As part of the Speaker Series, our very own Helen Veit will be giving a talk on Friday, April 19, at 3:30 pm in the Old Horticulture Conference Room. Helen Veit specializes in American history. Her first book, Modern Food, Moral Food: Self-Control, Science, and the Rise of Modern American Eating in the Early Twentieth Century (University of North Carolina, 2013) explores food and nutrition in the Progressive Era. Her next book, Small Appetites: A History of Children’s Food, examines the history of children’s eating starting in the early nineteenth century. She is the editor of the American Food in History book series, forthcoming from Michigan State University Press.
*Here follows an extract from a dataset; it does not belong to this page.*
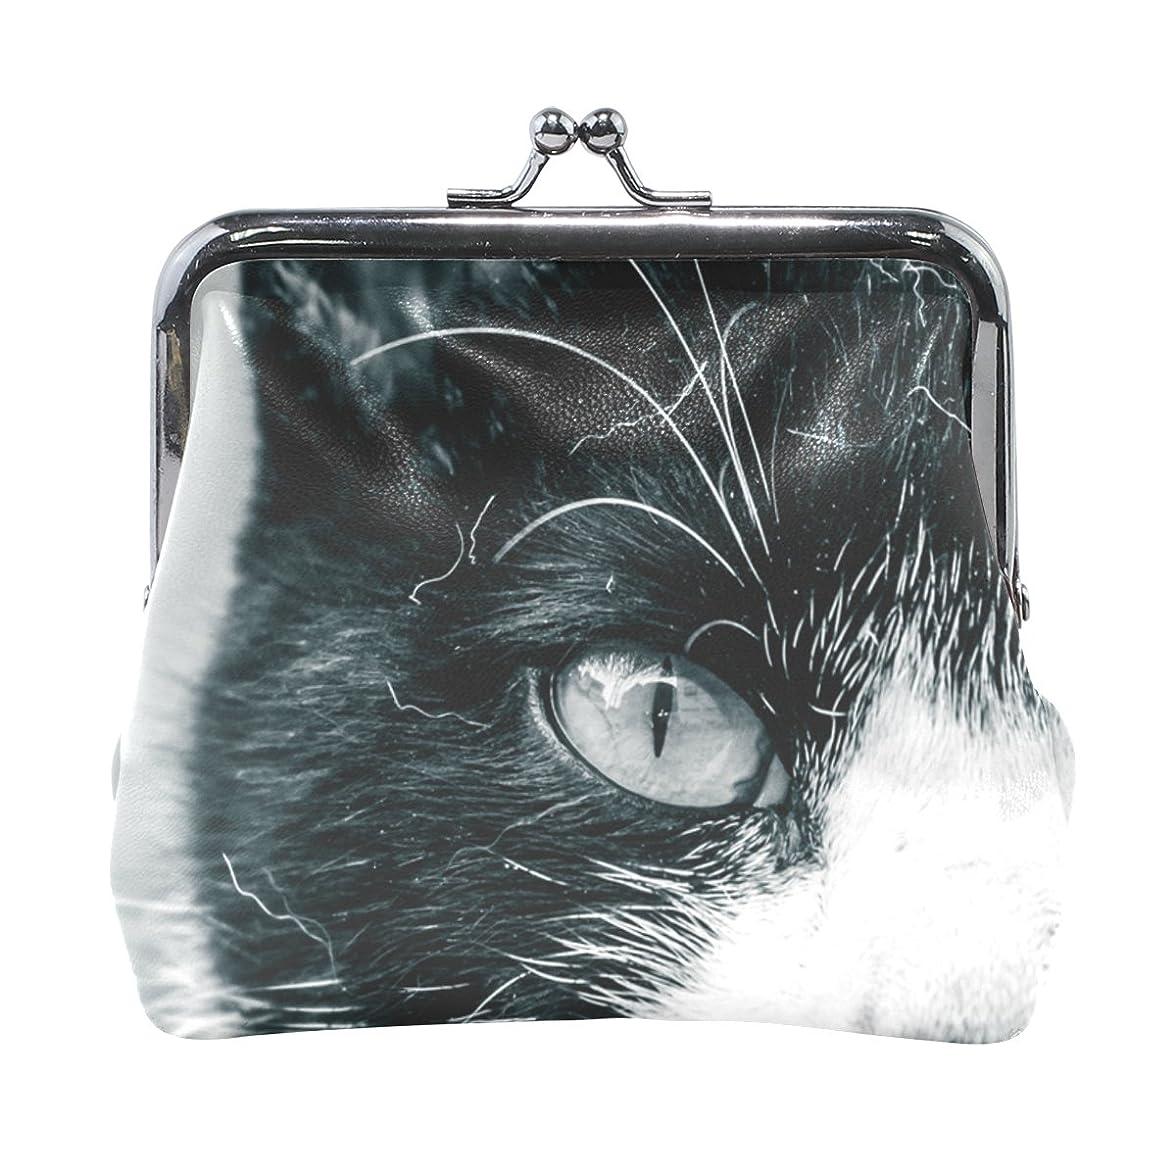 肘投獄嫌がらせAOMOKI 財布 小銭入れ ガマ口 コインケース レザー ねこ タコ 驚く ブチネコ 猫

“For Infants and Invalids: Medicalizing Children’s Food in the Nineteenth Century”
Helen Veit
Friday, April 19, 3:30 pm
Old Horticulture Conference Room
Beliefs about children’s food have changed enormously over time. Today, many Americans believe that children have naturally delicate tastes. But Americans in the nineteenth century more often claimed the opposite: children had naturally delicate bodies, they said, and dangerously omnivorous tastes. This paper explores changing ideas about children’s food, a seemingly biological subject that continues to be deeply influenced by beliefs about medicine, mortality, the duties of good parents, and the nature of childhood itself.